There are many opportunities available for people looking to turn some money that they have saved into even more money. Trading focuses on doing this in a short while. But the hardest part of trading for many people is that they dont want to lose their money. Luckily, there are some things you can do to protect your trading capital from catastrophic losses.
The first thing that you need to do is to make sure that you can afford to lose the money you are using. No one wants to lose money, but by trading with next months rent money, you are putting yourself in a good deal of risk. When you become too attached to your money, you start making mistakes. Perhaps you will be a little sluggish to enter a trade, even though your Trade Vantage is telling you to go. Or even worse, you made the trade, started losing money, and then tried to chase your losses and end up losing even more as a result. Trading is a dangerous world and if you are having your judgment clouded by emotions, you will make mistakes.

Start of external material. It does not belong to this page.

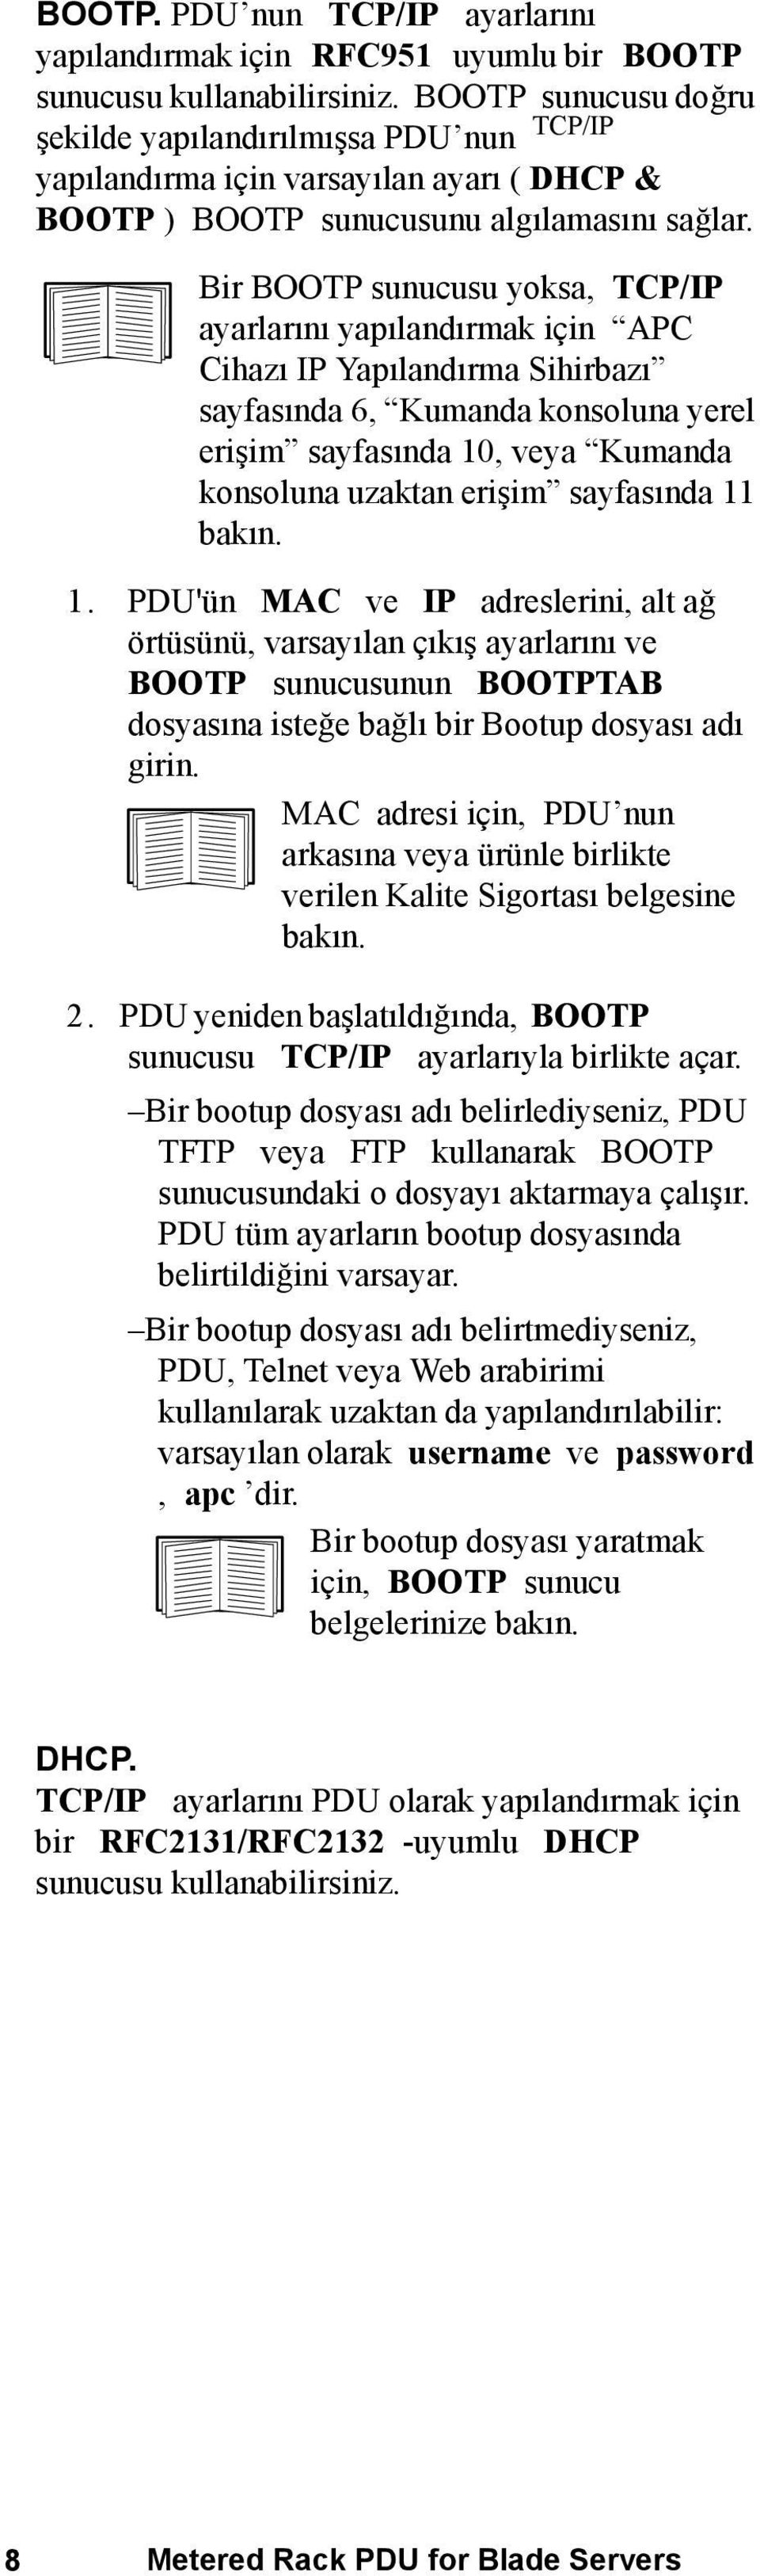 Bir BOOTP sunucusu yoksa, TCP/IP ayarlarını yapılandırmak için APC Cihazı IP Yapılandırma Sihirbazı sayfasında 6, Kumanda konsoluna yerel erişim sayfasında 10, veya Kumanda konsoluna uzaktan erişim

The next step to preventing large losses of money is to make sure you have the proper safeguards in place. Stop-loss orders are a type of order that you will give to your broker that will automatically trigger a closing of your position if the price of the asset you are trading reaches that point. If you buy 10 shares of Apple at $550 each, you might want to put a stop-loss point at $525 in order to prevent a freefalling stock from wiping out your trading capital. Assume Apple falls down to $500 after your trade was ended by the stop-loss order. Just by giving this extra information to your broker, you are saving $250.
With a short sale, you will want to have your stop-loss point above the current price. In the Apple example, assume you think that the price will drop from $550 to $500 and you borrow the shares to sell them short. If the price goes up instead, your stop-loss order will prevent the huge losses that a soaring stock can pose to short sellers.